The main issue with 28 Years Later: The Bone Temple, however, is that there isn’t really much of a story to it, instead the movie acting as a bridge between the previous entry and whatever is coming next, but 28 Years Later was fairly thin on plot, we are no longer in the same world of 28 Days Later and nothing has been set up with regards to a direction for it to go. Yes, there is a coda at the end that will delight fans of the original movie, but fan service will only get you so far and it just adds another tonal shift to an already busy movie, albeit a busy one where not a lot actually happens, especially when it comes to the infected, as aside from Samson and his psychedelic lessons in humanity there is not a lot of zombie action (yes, they’re not technically zombies but the template is the same so, for all intents and purposes, they are).
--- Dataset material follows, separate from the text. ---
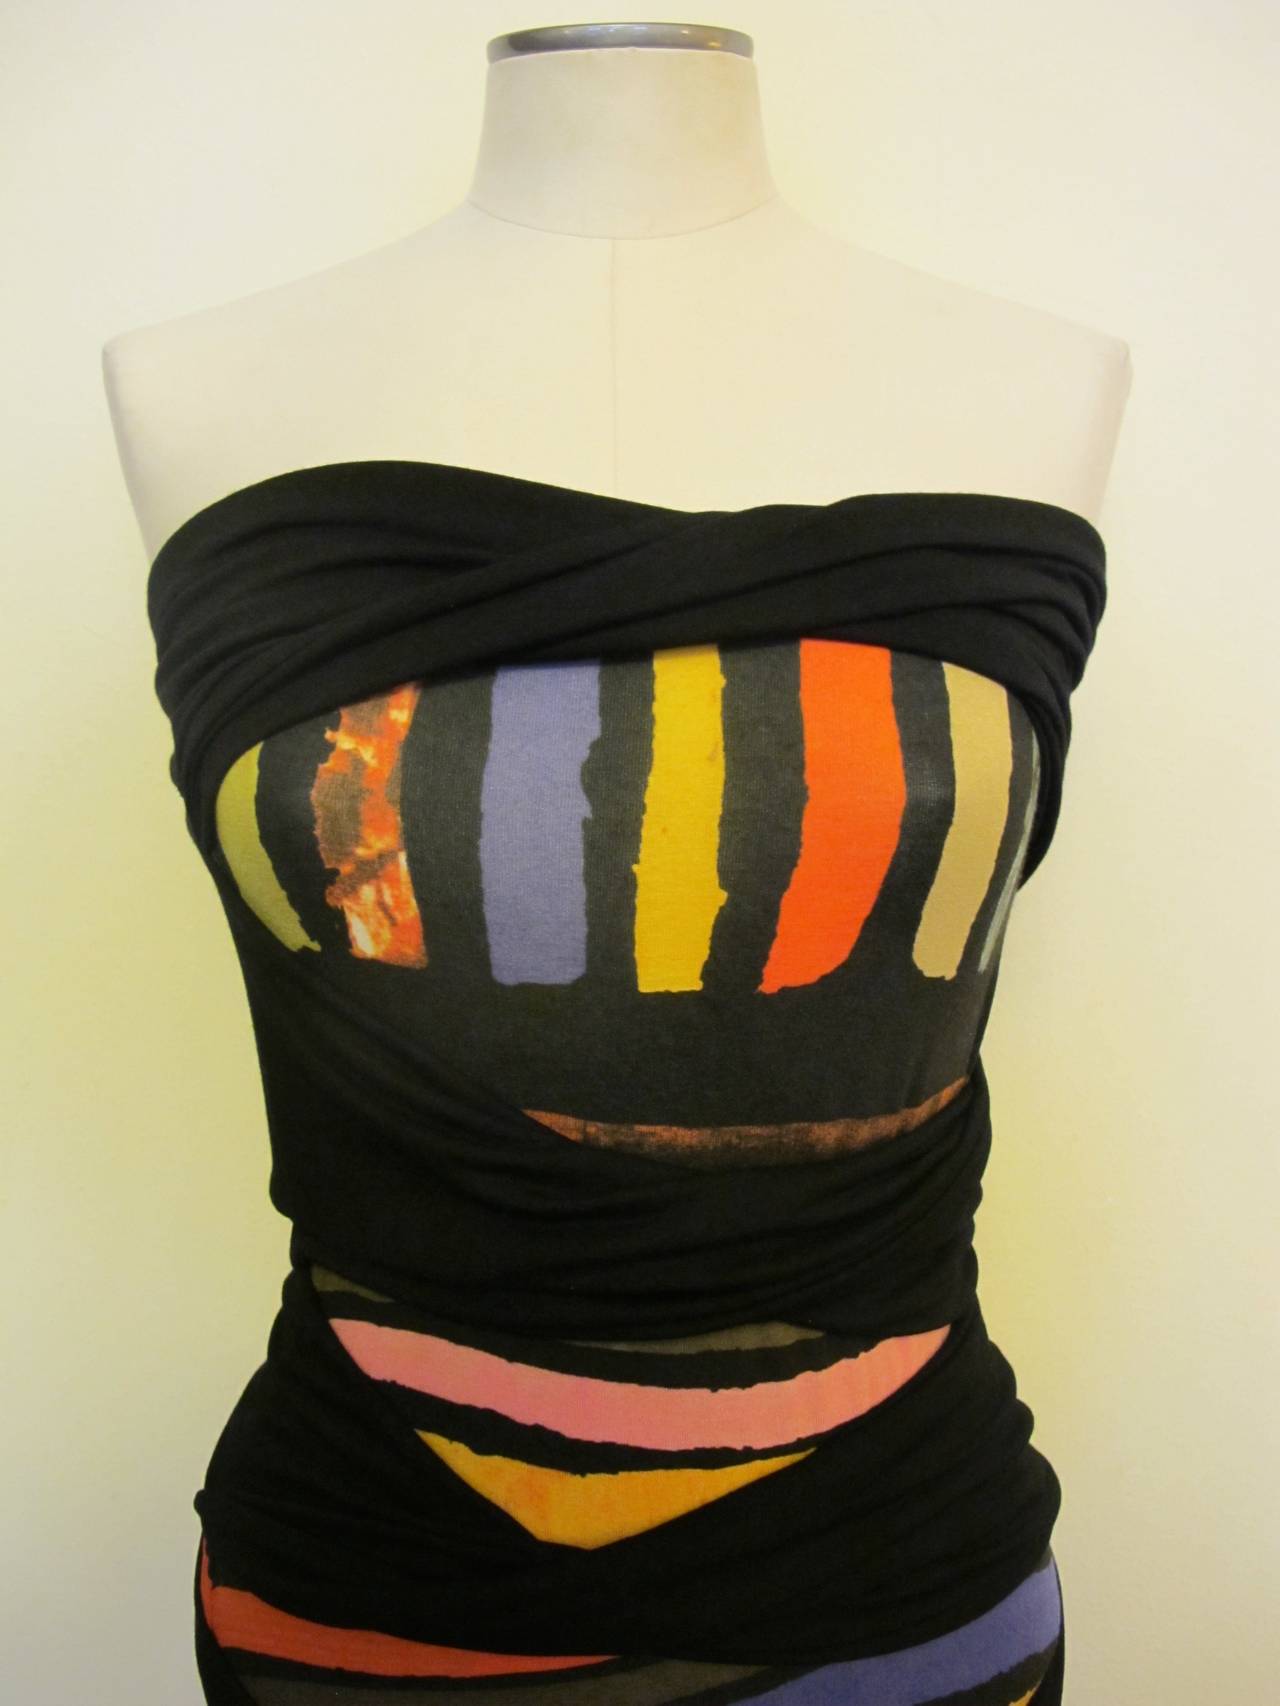 Paul Smith Strapless Body Con Dress In Excellent Condition For Sale In San Francisco, CA

Overall, 28 Years Later: The Bone Temple is a more straightforward movie than its predecessor, with Nia DaCosta choosing not to utilise Danny Boyle’s experimental camera style quite so much, although it still has the flavour of the 28… movies at its heart. Not only is it the best looking of the series but it is also the goriest and most violent, mainly thanks to Jimmy Crystal and his merry band of lunatics. The trouble is that all of this bloodshed just feels detached from anything else going on, the performative madness of Jimmy Crystal as random as the stabs of dark humour that don’t always hit.
For a franchise that always felt like it was aiming higher than your average zombie movie, this one feels a little less like a social statement and more like a post-apocalyptic character drama that happens to be extremely violent for no other reason than it can be, which may or may not be enough for fans of the series, but aside from the Iron Maiden scene – which is the best moment in the series since Cillian Murphy walked through a deathly quiet London back in 2002 – 28 Years Later: The Bone Temple is an incoherent collection of vague ideas in a series with nowhere to go apart from where we’ve been already.